At Google, I was responsible for creating developer-facing documentation for an internal SDK that enabled machine learning researchers and engineers to run TensorFlow models efficiently on specialized hardware. The SDK, known internally as DarwiNN, provided a complete toolchain for model training, conversion, profiling, and deployment.
Overview
My role was to make this complex, hardware-integrated workflow clear, navigable, and productive for diverse developer audiences.
The Challenge
- Complex Toolchain – The SDK spanned compilers, profilers, simulators, runtimes, and numerics validation.
- Diverse Users – From novice TensorFlow users who wanted "drop-in" simplicity, to advanced engineers seeking low-level TPU programmability.

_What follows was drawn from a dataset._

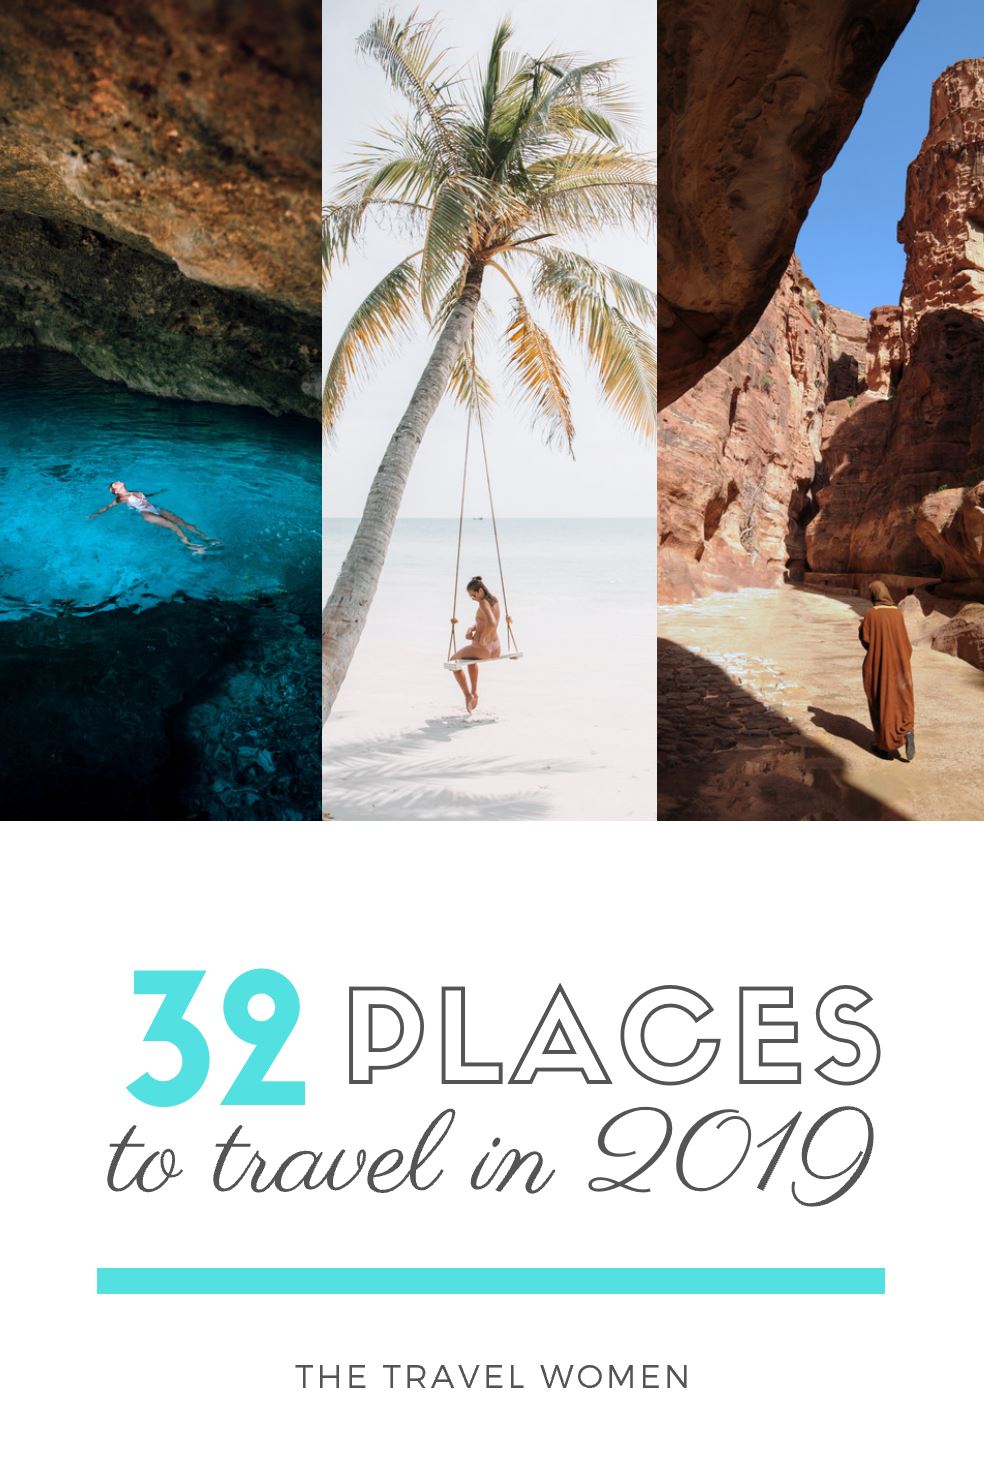 32 Places to Travel in 2019
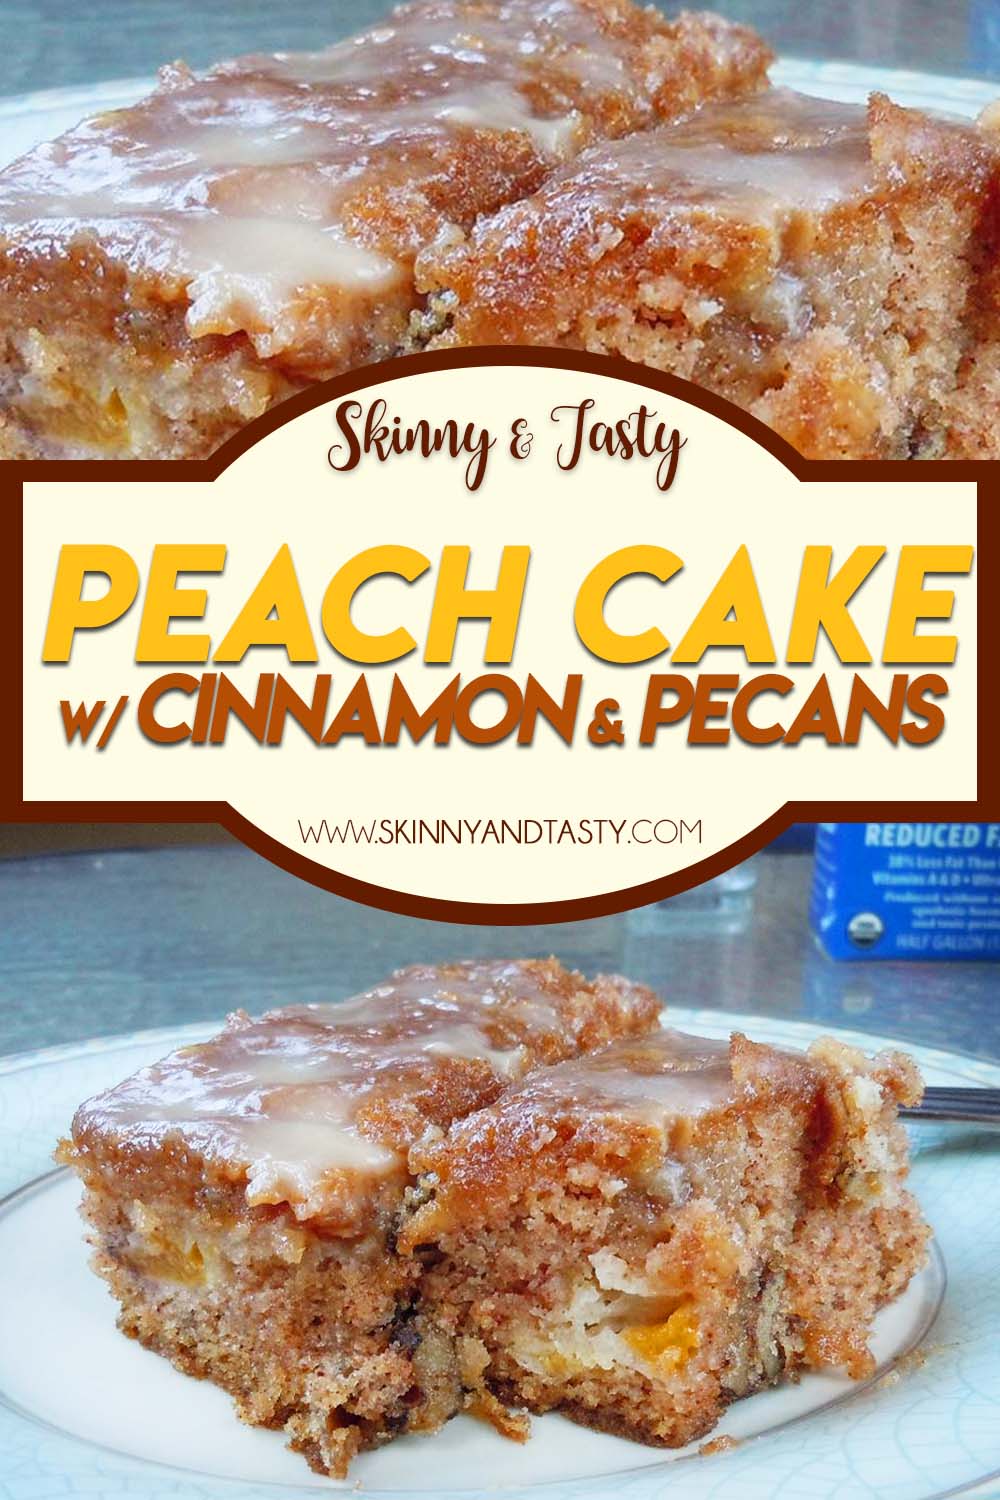 Peach Cake with Cinnamon and Pecans Recipe

- Documentation Gaps – Critical workflows were scattered across systems, and engineers struggled to understand why models failed to compile or how to optimize for TPU hardware.
- Internal Infrastructure – Work required navigating Google's internal systems (bug trackers, changelists, internal search engines, go links) to locate SMEs and surface authoritative information.
My Approach
1. User Journeys
I mapped out the end-to-end developer workflow into four critical stages:
- Build a Model – Author in TensorFlow, train, evaluate quality.
- Port a Model – Convert to TFLite, compile/lower to target hardware.
- Profile a Model – Validate accuracy, measure performance KPIs.
- Deploy a Model – Integrate with runtime, optimize, and run at scale.
This framework became the backbone of the SDK documentation.
2. Audience Segmentation
I identified three primary user types and aligned documentation strategy to their needs:
- Novice Developers – wanted "out-of-the-box" functionality.
- Motivated Developers – willing to adapt models and use SDK tools.
- Advanced Developers – required low-level TPU programmability.
3. Toolchain Documentation
For each tool (Compiler, Profiler, Simulator, Runtime, Numerics), I created:
- Conceptual overviews – what the tool is and when to use it.
- User guides – step-by-step workflows.
- Best practices – performance tuning and optimization tips.
- Sample code and troubleshooting – concrete examples with error handling.
4. Cross-Team Collaboration
- Partnered with SMEs across engineering to validate technical accuracy.
- Used bug tracking systems and changelists to manage documentation requests.
- Implemented process improvements for doc accountability and timely reviews.
Deliverables
- Comprehensive SDK User Guide covering build → port → profile → deploy.
- Best Practices and Troubleshooting Guides for compilers, profilers, and runtime integration.
- Sample Code Snippets for TensorFlow/Keras workflows.
- Audience-specific guidance (novice vs advanced usage paths).
- Documentation process improvements to streamline review and approval cycles.
Impact
- Created a single, authoritative source of truth for DarwiNN SDK users.
- Significantly reduced developer confusion around model compilation and TPU deployment.
- Enabled ML researchers and engineers to move from prototype to deployment faster by clarifying workflows and exposing best practices.
- Demonstrated ability to translate highly complex, proprietary systems into accessible, developer-friendly documentation.
Skills Demonstrated
- API & SDK documentation
- Developer workflows (TensorFlow, model training & inference)
- Information architecture & user journeys
- Working with SMEs & cross-functional engineering teams
- Managing documentation processes with bug trackers and changelists
- Writing for diverse technical audiences